TORONTO (Reuters) - Canada's main stock index fell on Monday to its lowest level in nearly eight weeks as worries about the global economic outlook and a strengthening U.S. dollar weighed on energy and materials shares.

The Toronto Stock Exchange's S&P/TSX composite index ended down 174.49 points, or 0.8%, at 21,011.89, its lowest closing level since March 1.

The benchmark has lost more than 5% since notching a record intraday high on April 5, getting pulled into a global stocks selloff on worries about aggressive interest rate hikes by the U.S. Federal Reserve, soaring inflation and the Ukraine crisis denting economic growth.

The primary concern for investors has become "the impact of rising rates and recession possibilities," said Steve Palmer, chief investment officer at AlphaNorth Asset Management.

The Bank of Canada will likely consider another half-percentage-point rate increase in its next policy decision, Governor Tiff Macklem said, though he did not rule out an even larger move.

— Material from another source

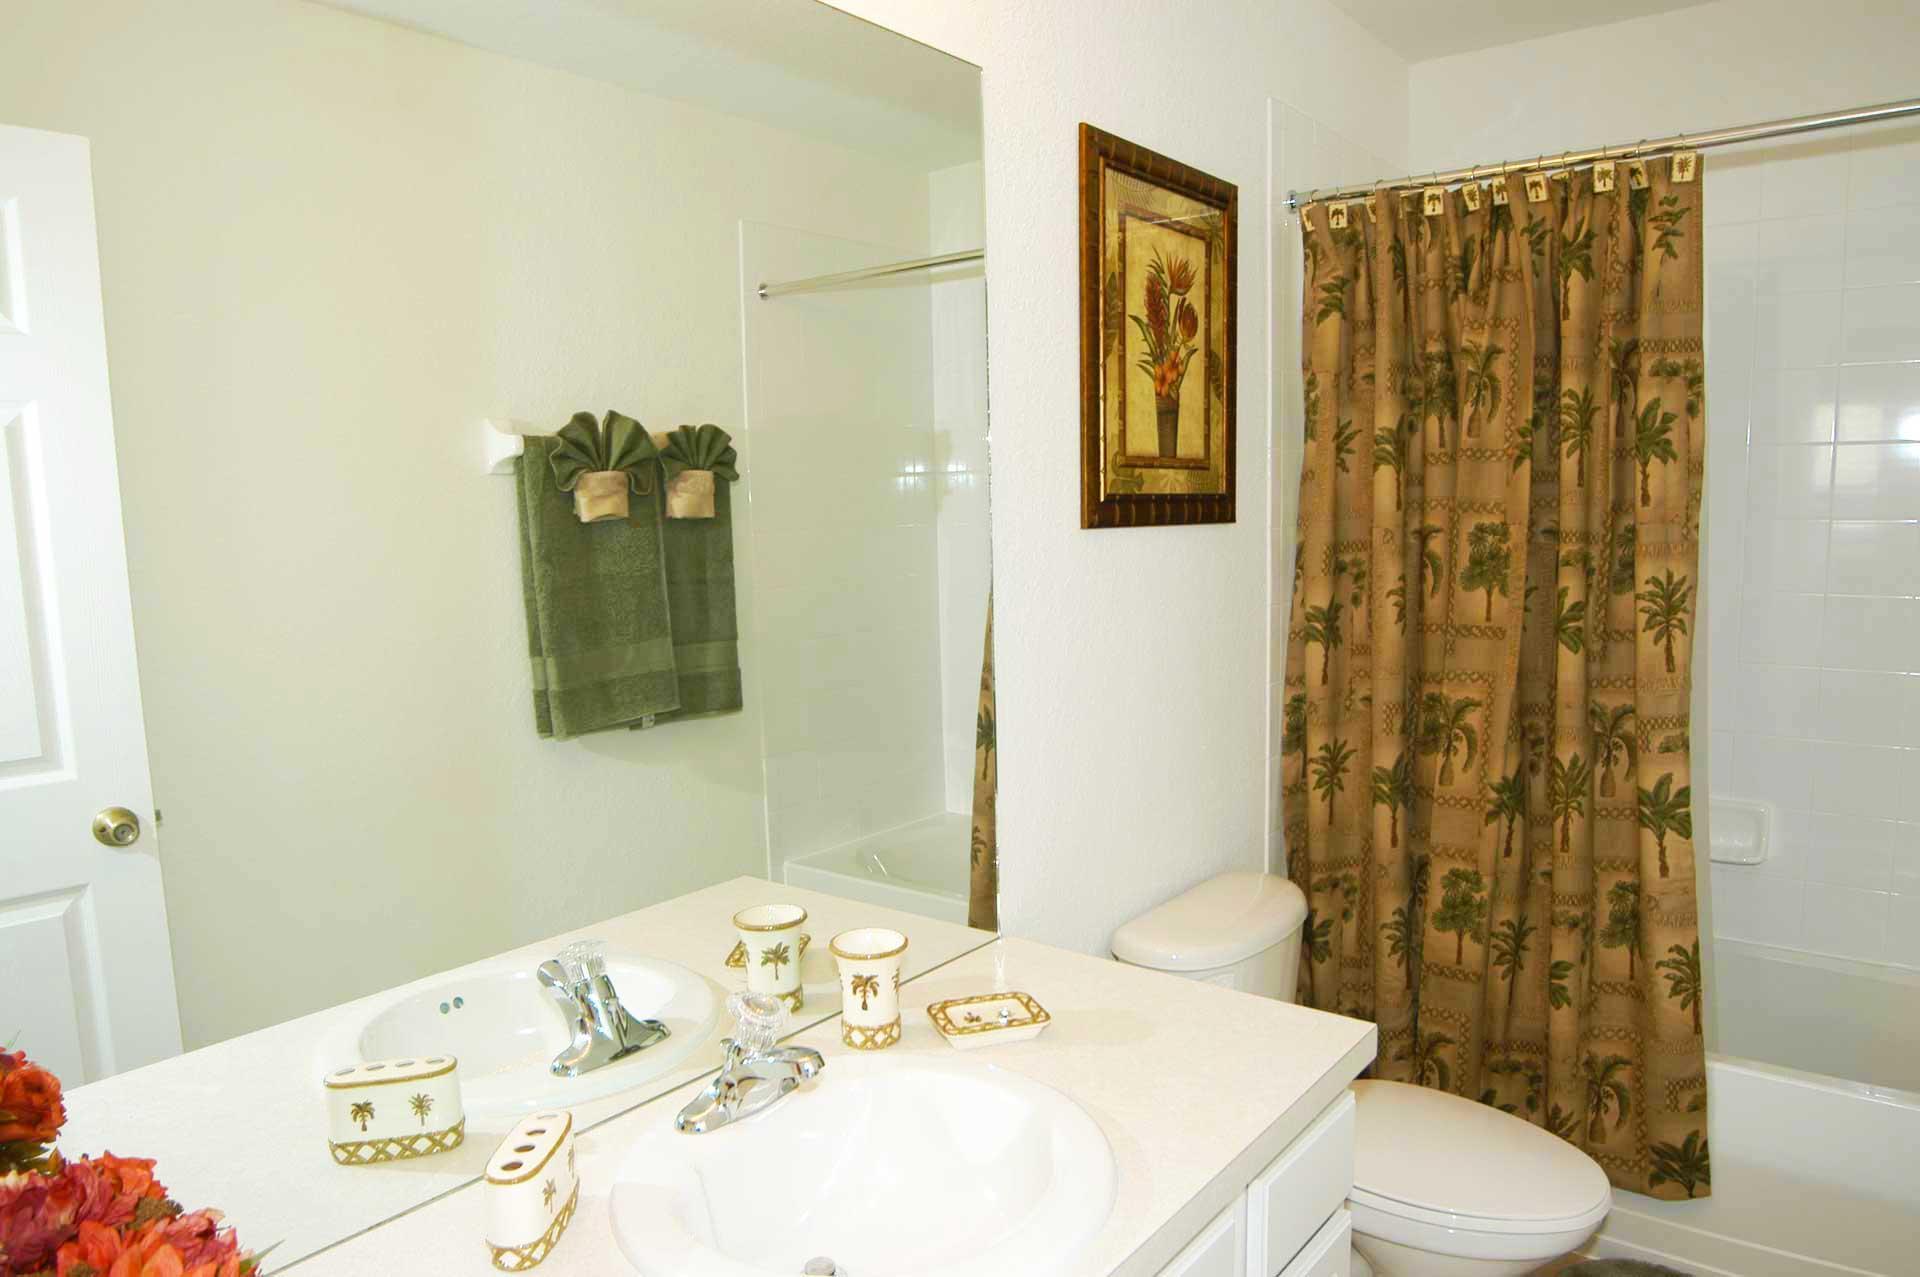 Lion KIng Themed Bathroom Suite

The safe-haven U.S. dollar scaled two-year peaks as a wave of risk aversion hit global markets, while the Chinese yuan tumbled on growing worries of an economic slowdown in the world's second-largest economy.

A stronger U.S. dollar "is not good for commodity prices, particularly gold," Palmer said.

Gold fell 1.7% to about $1,897 per ounce, while the materials group, which includes precious and base metals miners and fertilizer companies, lost 3.1%.

The energy group also ended 3.1% lower, pressured by sliding oil prices. U.S. crude oil futures settled 3.5% lower at $98.54 a barrel.

Among sectors that gained ground was technology. It advanced 2.3% along with gains for U.S. technology shares as social media giant Twitter agreed to be bought by billionaire Elon Musk.

Toy manufacturer Spin Master Corp jumped 6.6% after Bank of Montreal upgraded the stock to "outperform."